At the lower (southern) end of Queen Street is Southwark Bridge. The London Chamber of Commerce & Industry is located at No. 33. At the upper (northern) end the street crosses Cheapside and becomes King Street, which leads to Gresham Street and the Guildhall. This creates a direct route from the River Thames at Southwark Bridge up to the Guildhall. Queen Street meets the newer Queen Victoria Street as well as Cannon Street. Minor roads off the street include Skinners Lane (the home of the Worshipful Company of Skinners) and Cloak Lane.

Two short sections of the street are pedestrianised, which together with a pedestrian-priority crossing of Cannon Street, forms a "Central Plaza" area.
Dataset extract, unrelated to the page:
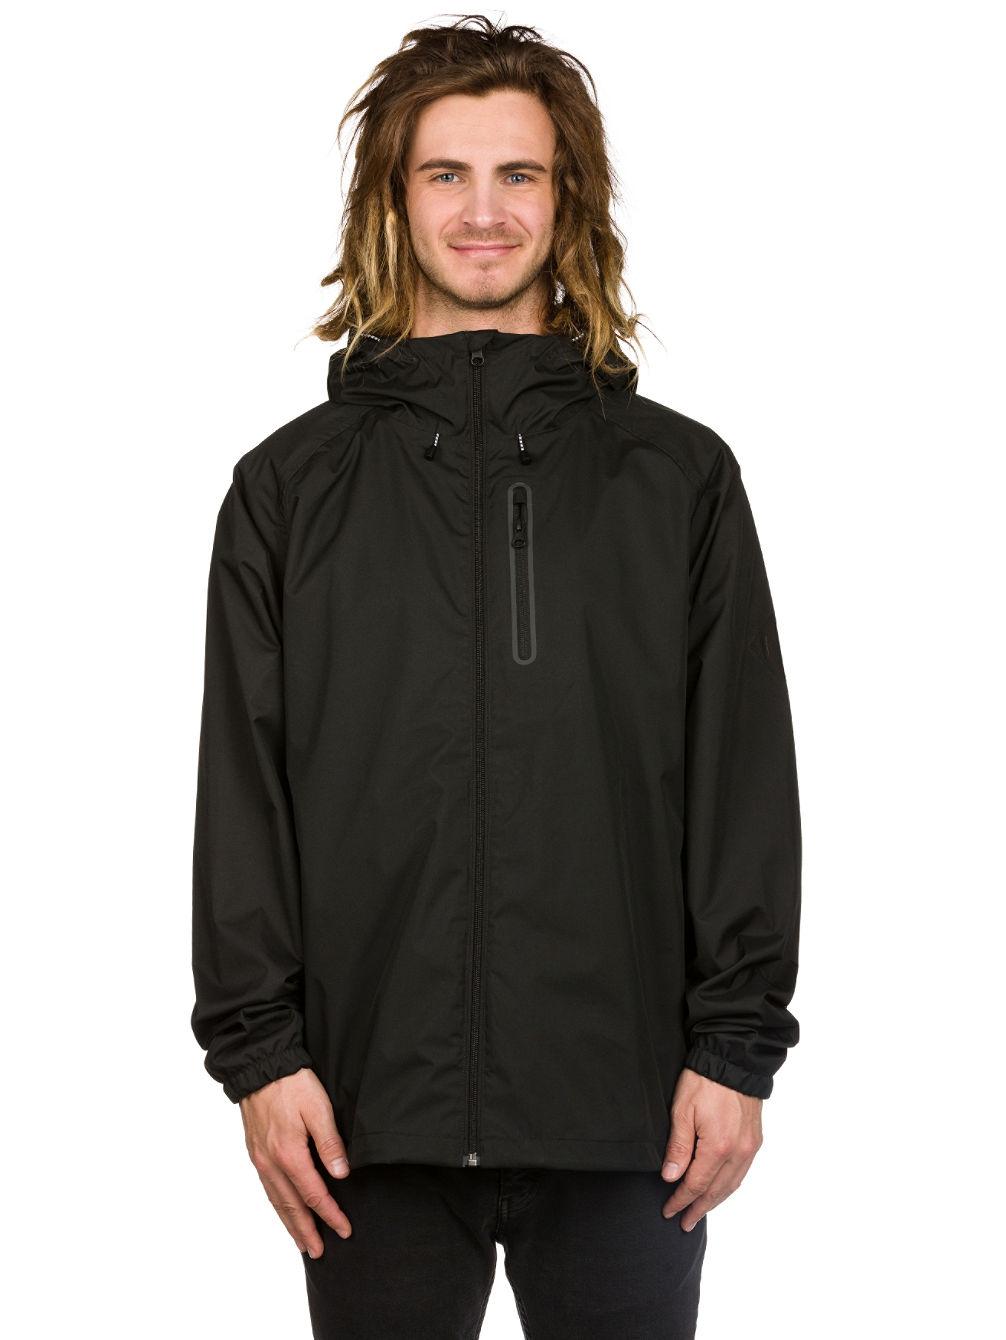 burton-portal-jacket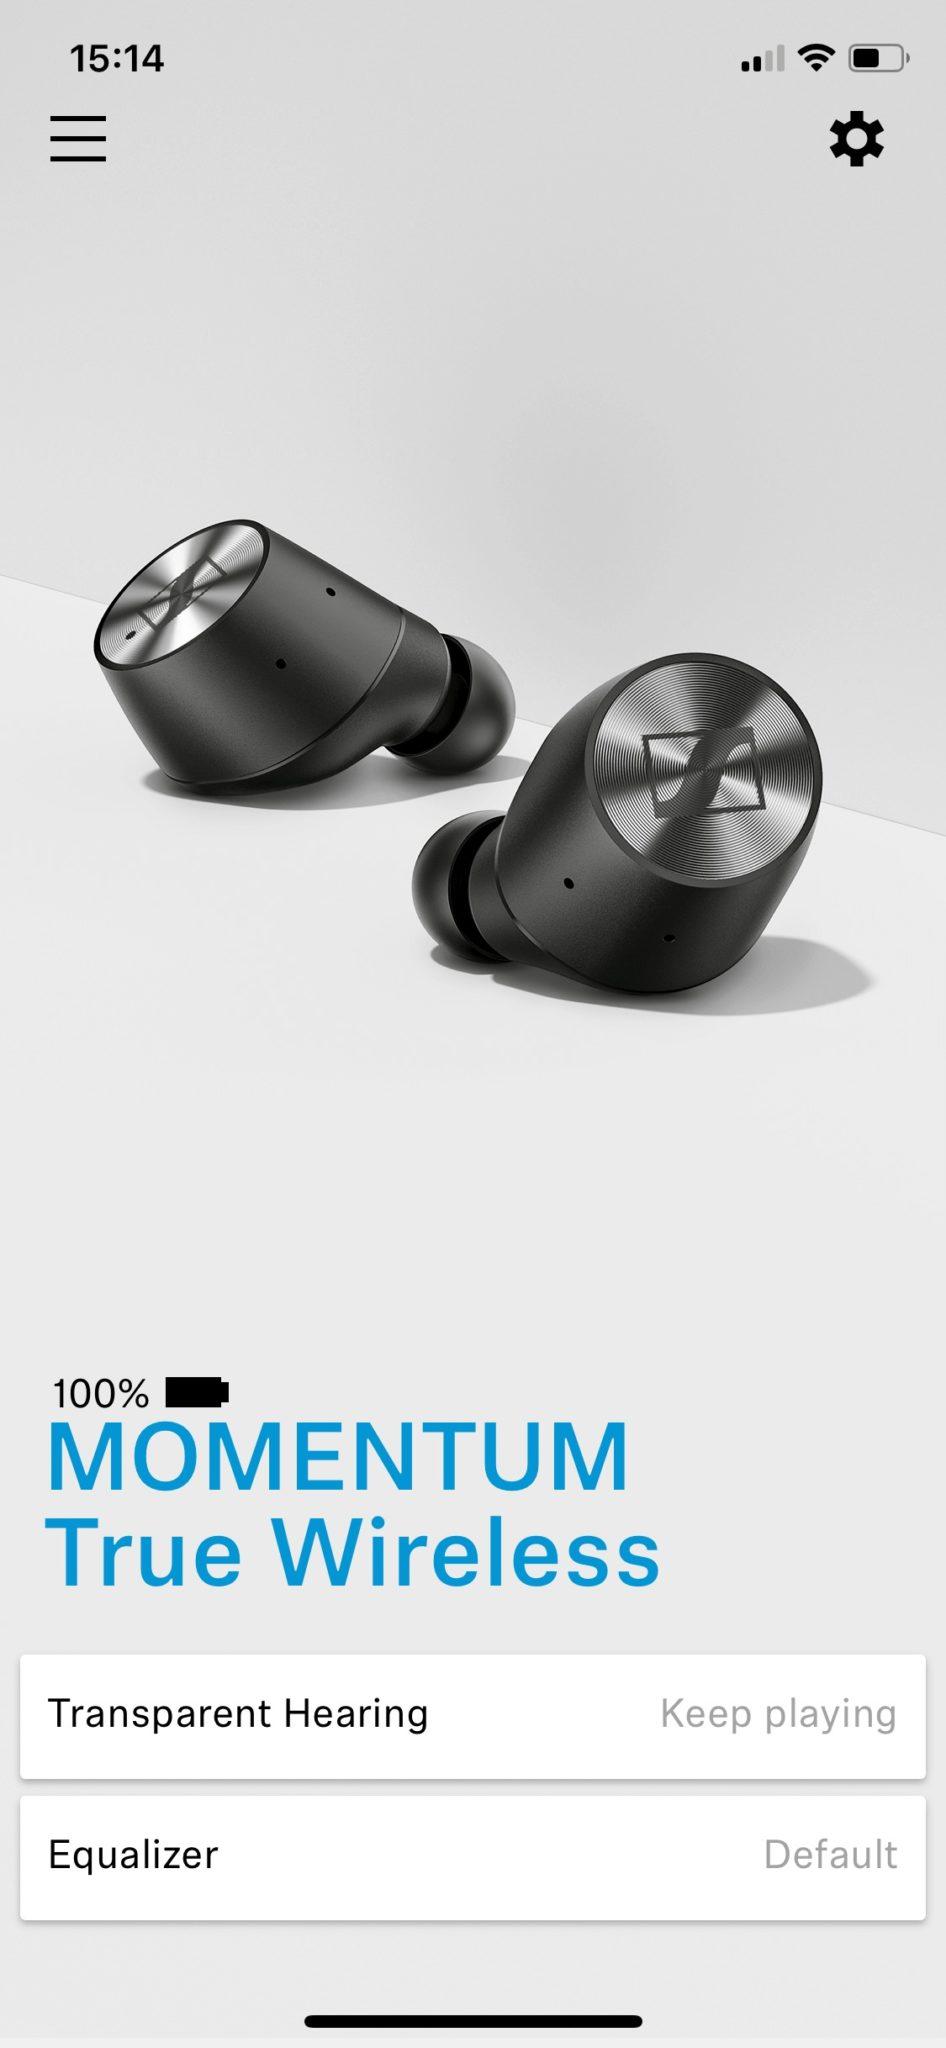 รีวิวหูฟังบลูทูธไร้สายแบบ Sennheiser Momentum True Wireless ดูดีมีคลาสสุดใน 2019 34 - bluetooth

This was part of an award-winning public realm improvement scheme undertaken in 2006. This pedestrianised part of Queen Street has been used as a location for a number of art events organised by the City of London Festival and the London Architectural Biennale.

Queen Street and King Street form part of an important route on the London Cycle Network which continues south over Southwark Bridge and north towards Moorgate.

Queen Street runs through the wards of Vintry and Cordwainer, and is in the postal code area EC4. King Street is in the ward of Cheap and in postcode area EC2.

King Street formed part of the marathon course of the 2012 Olympic and Paralympic Games. The women's Olympic marathon took place on 5 August and the men's on 12 August. The four Paralympic marathons were held on 9 September.